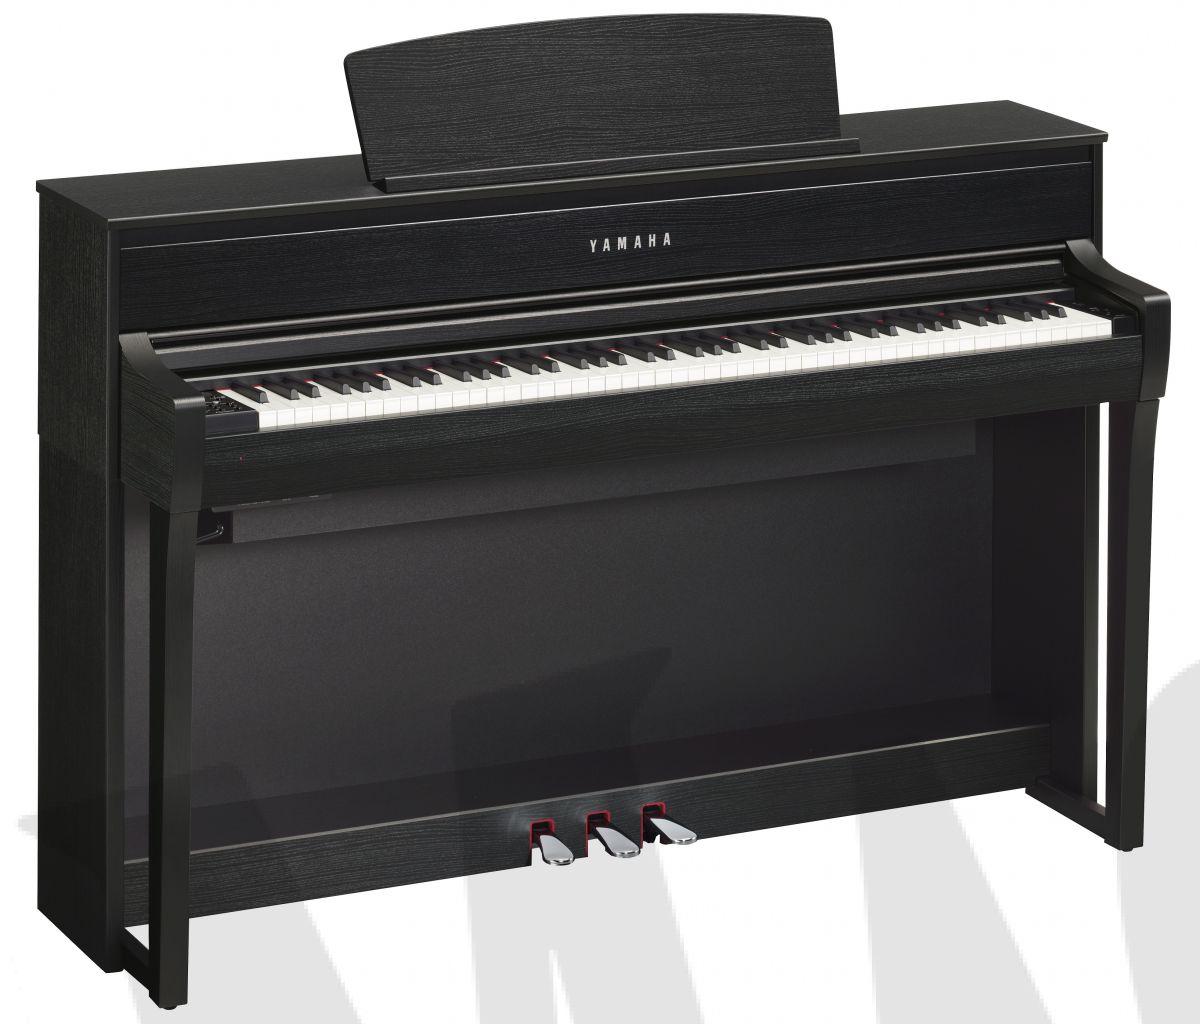 yamaha clp 675 b yamaha magnus hurtownia muzyczna. Black Bedroom Furniture Sets. Home Design Ideas
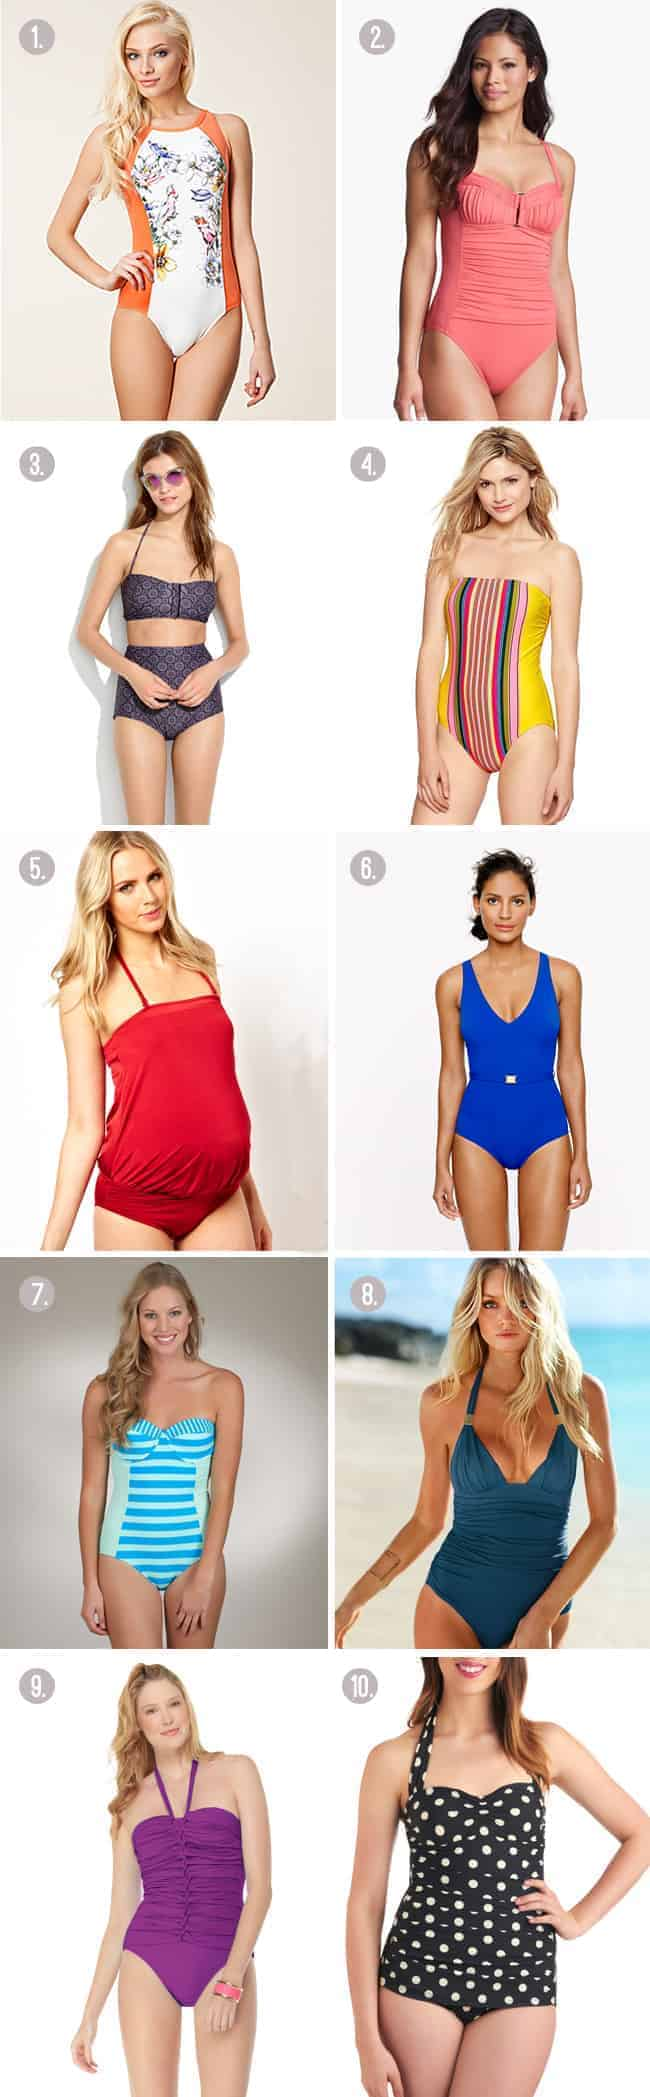 10 mom friendly swimsuits | Hello Glow
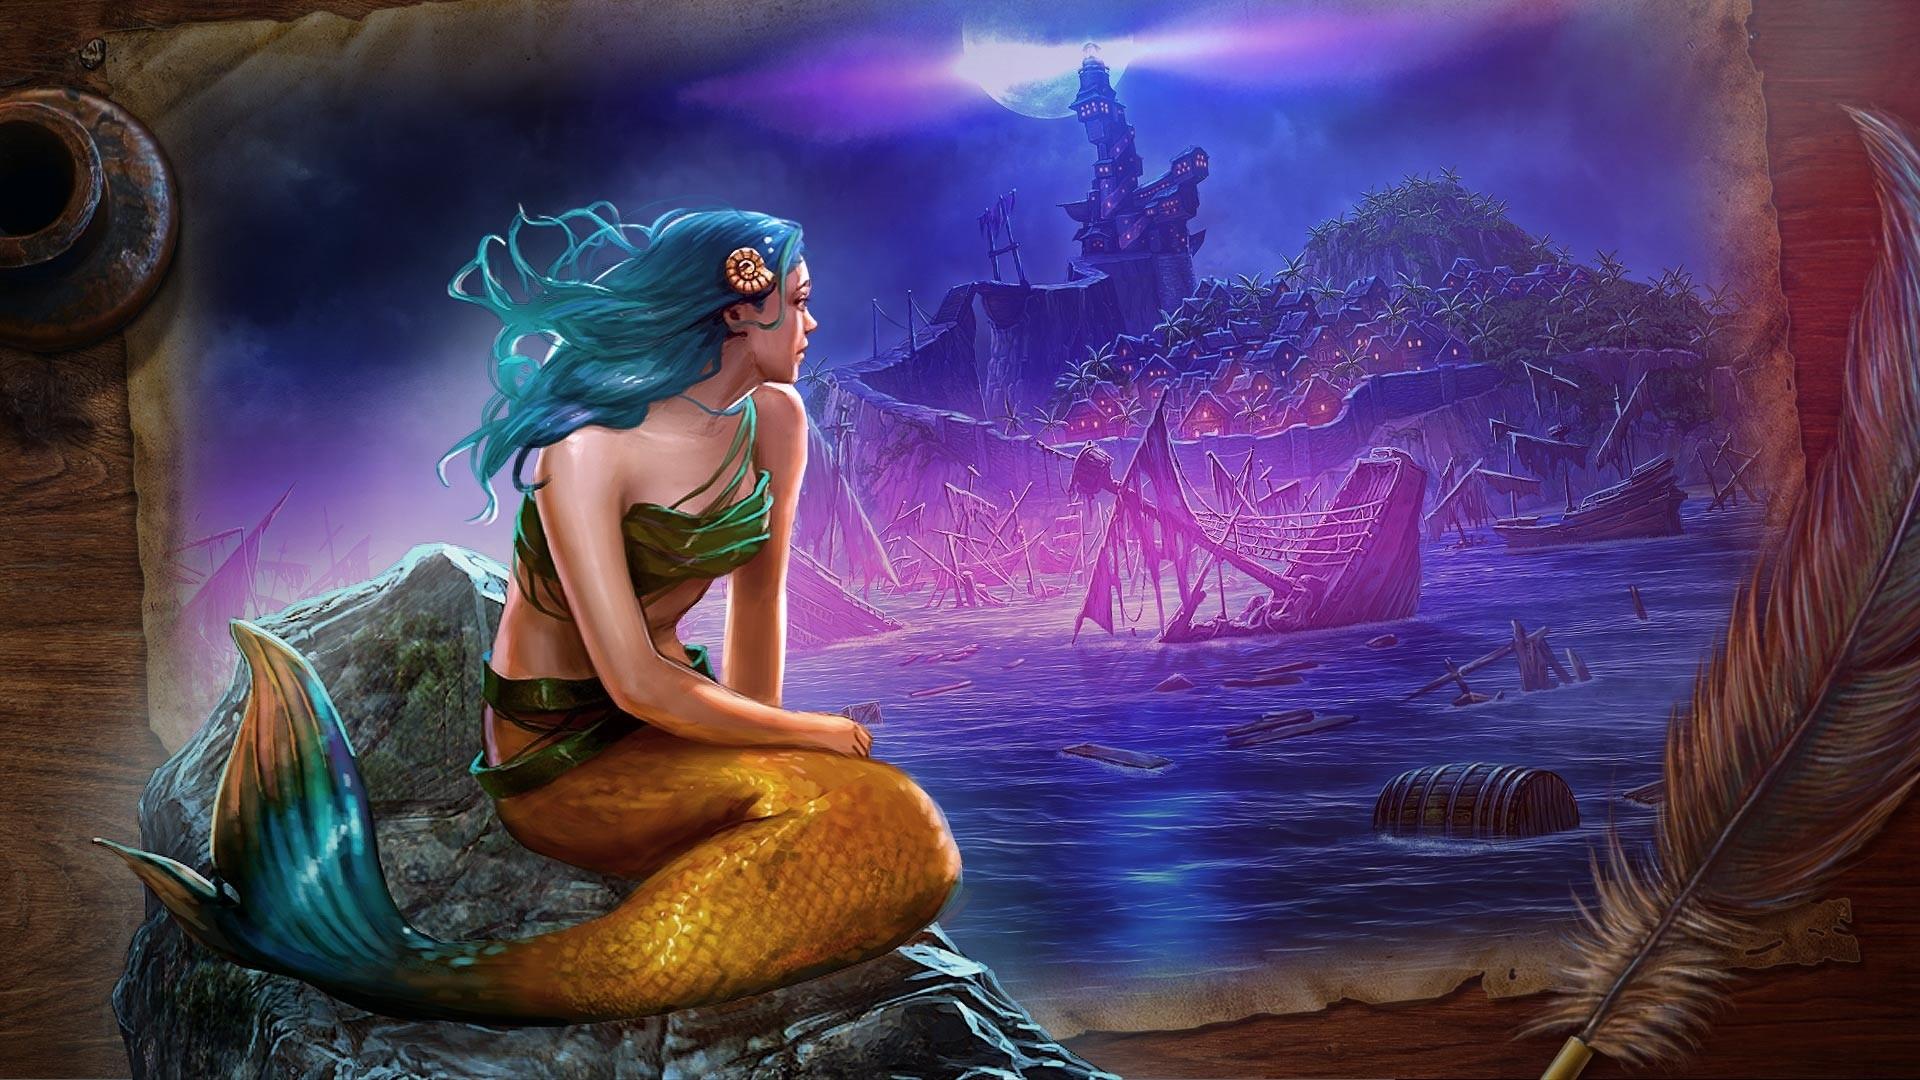 Mermaids wallpaper photo hd

_EXERCISE AIM_: Quote the material word for word, dropping any images it holds.

_TASK ANSWER_:
 yamaha clp 675 b yamaha magnus hurtownia muzyczna. Black Bedroom Furniture Sets. Home Design Ideas
 10 mom friendly swimsuits | Hello Glow
 Mermaids wallpaper photo hd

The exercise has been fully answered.